Pétrole iranien : Washington envisage un assouplissement inédit des sanctions en pleine escalade avec Téhéran
SENTV : En pleine montée des tensions militaires avec Iran, l’administration américaine explore une option pour le moins paradoxale : alléger temporairement certaines sanctions visant le pétrole iranien afin de contenir la flambée des prix de l’énergie.
Une ouverture assumée par le Trésor américain
Intervenant sur Fox Business, le secrétaire au Trésor Scott Bessent a confirmé que États-Unis pourraient autoriser, dans les prochains jours, l’écoulement de cargaisons iraniennes actuellement stockées en mer.
L’objectif affiché est clair : injecter rapidement des volumes supplémentaires sur le marché mondial pour freiner la hausse des prix à la pompe, exacerbée par le conflit en cours.
« Utiliser les barils iraniens contre l’Iran » afin de stabiliser les prix tout en poursuivant la campagne militaire, a-t-il résumé, sans préciser la durée de cet éventuel assouplissement.
Un marché sous tension extrême
Depuis le début des frappes américaines contre Iran, les marchés pétroliers sont sous pression. Le conflit perturbe fortement les exportations en provenance du Golfe, une région clé pour l’approvisionnement mondial.
Selon les estimations avancées par le Trésor américain, environ 140 millions de barils de pétrole iranien seraient actuellement stockés en mer. Leur libération représenterait toutefois une solution de court terme, équivalente à une à deux semaines de consommation mondiale.
Avec une demande quotidienne dépassant les 100 millions de barils, l’impact structurel resterait limité.
Une stratégie jugée ambiguë
Pour plusieurs analystes, cette initiative illustre le dilemme de Washington.

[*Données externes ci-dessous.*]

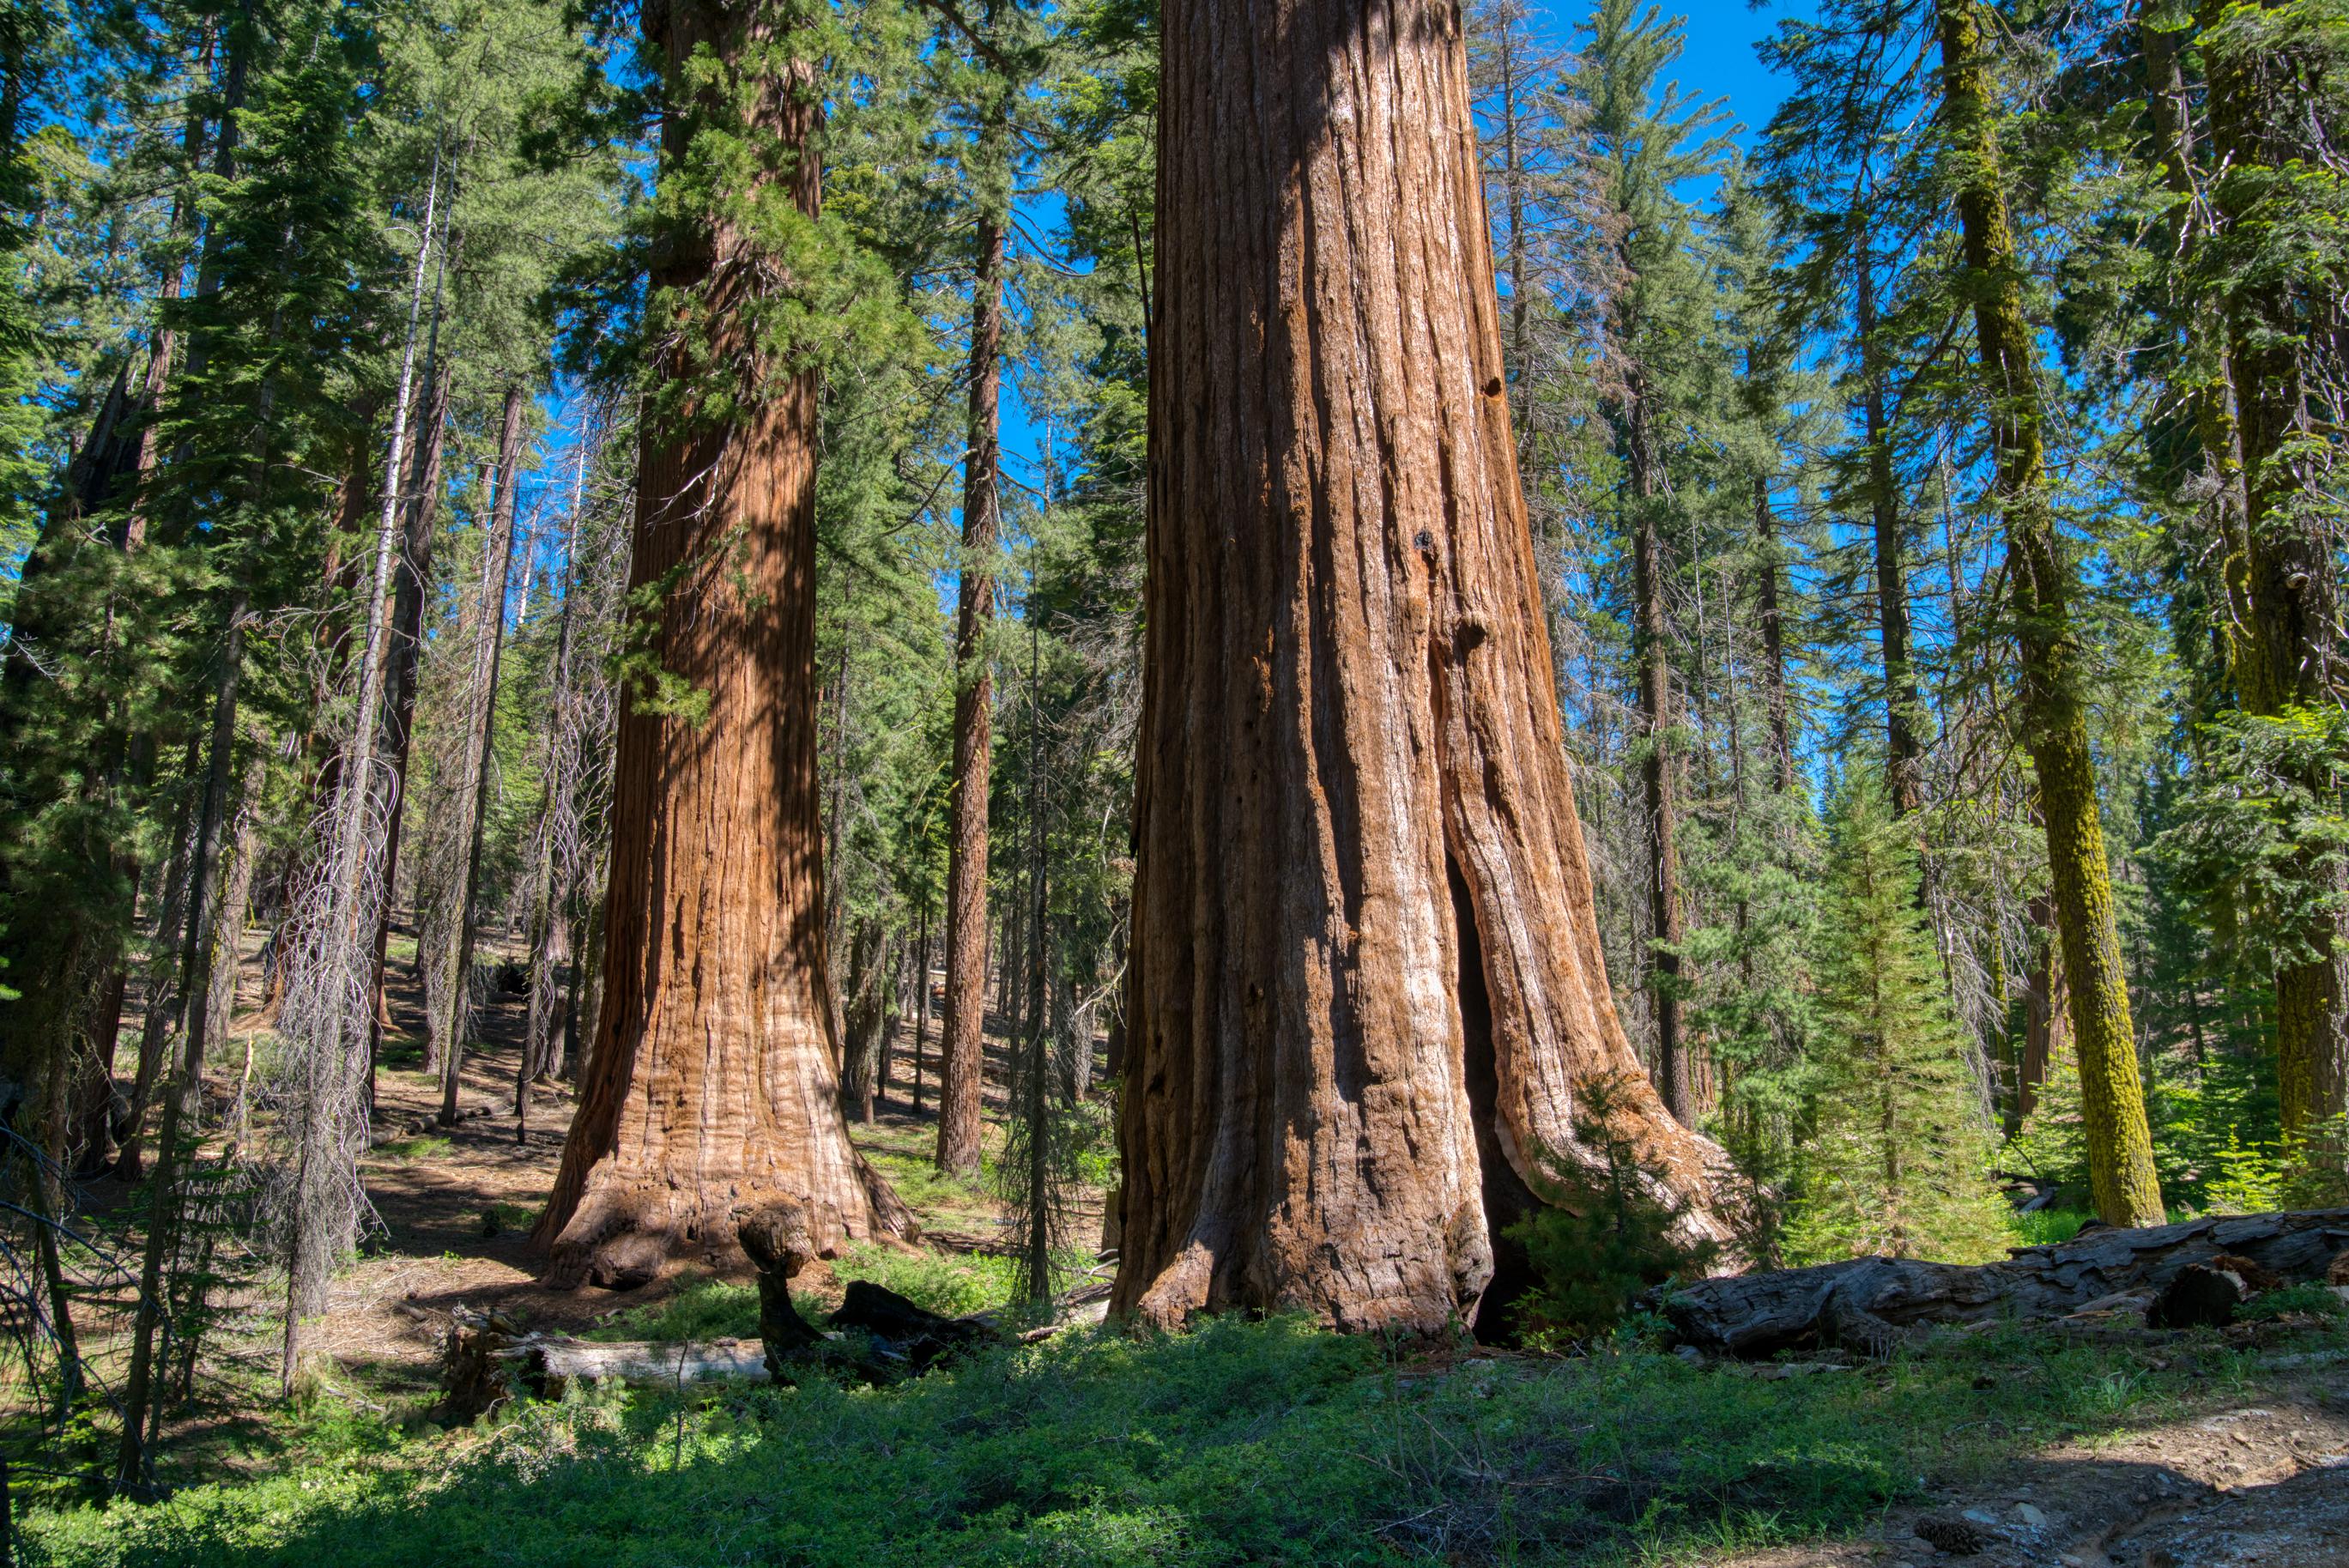 Mariposa Grove, Giant Sequoias, Hiking, Yosemite National Park

Andy Lipow, du cabinet Lipow Oil Associates, estime que la mesure révèle « jusqu’où le gouvernement est prêt à aller pour soulager les consommateurs ».

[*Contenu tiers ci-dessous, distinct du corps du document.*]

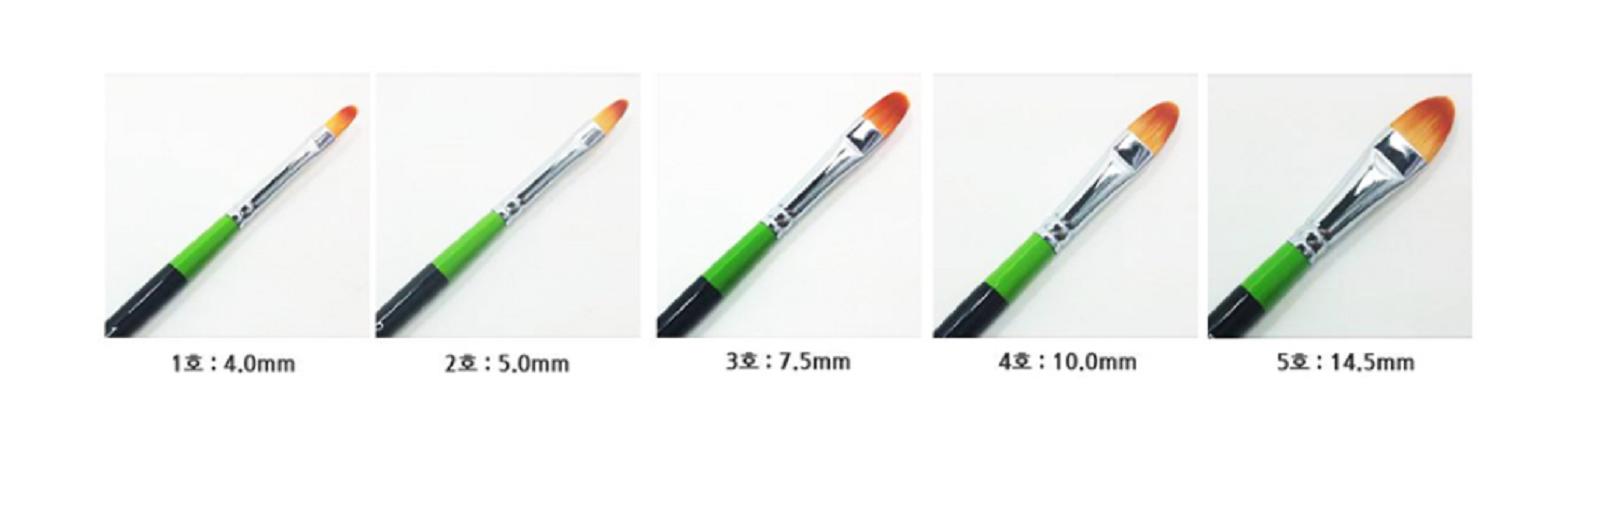 HWAHONG Artist Oil Acrylic Paint Brush Filbert Flat Brush 815 1Set 7ea Brushes

Mais sur le plan politique, la démarche soulève des contradictions. Autoriser indirectement des exportations iraniennes tout en menant des opérations militaires contre Iran pourrait brouiller le message stratégique de États-Unis.
Des enjeux géopolitiques plus larges
Au-delà de l’effet sur les prix, certains experts y voient une manœuvre diplomatique. Pour James Knightley, économiste chez ING, cette ouverture pourrait viser à influencer Chine, principal acheteur de pétrole iranien ces dernières années malgré les sanctions.
En facilitant l’écoulement de ces volumes, Washington pourrait chercher à rallier Pékin à une initiative internationale, notamment autour de la sécurisation du détroit d’Ormuz, point névralgique du commerce énergétique mondial.
Une série de mesures pour calmer les marchés
Cette réflexion s’inscrit dans une stratégie plus large de l’exécutif américain pour contenir la hausse des prix de l’énergie. Parmi les mesures récentes :
-
Assouplissement des sanctions sur le pétrole russe,
-
Suspension temporaire de certaines règles de transport maritime,
-
Détente partielle vis-à-vis du Venezuela,
-
Mise à disposition progressive de réserves stratégiques via l’Agence internationale de l’énergie.
« Nous n’intervenons pas sur les marchés financiers, mais sur les flux physiques », a insisté Scott Bessent.
Un équilibre fragile
Si cette ouverture venait à se concrétiser, elle illustrerait un pragmatisme assumé face à l’urgence économique. Mais son efficacité réelle sur les prix reste incertaine, et son coût politique pourrait s’avérer élevé.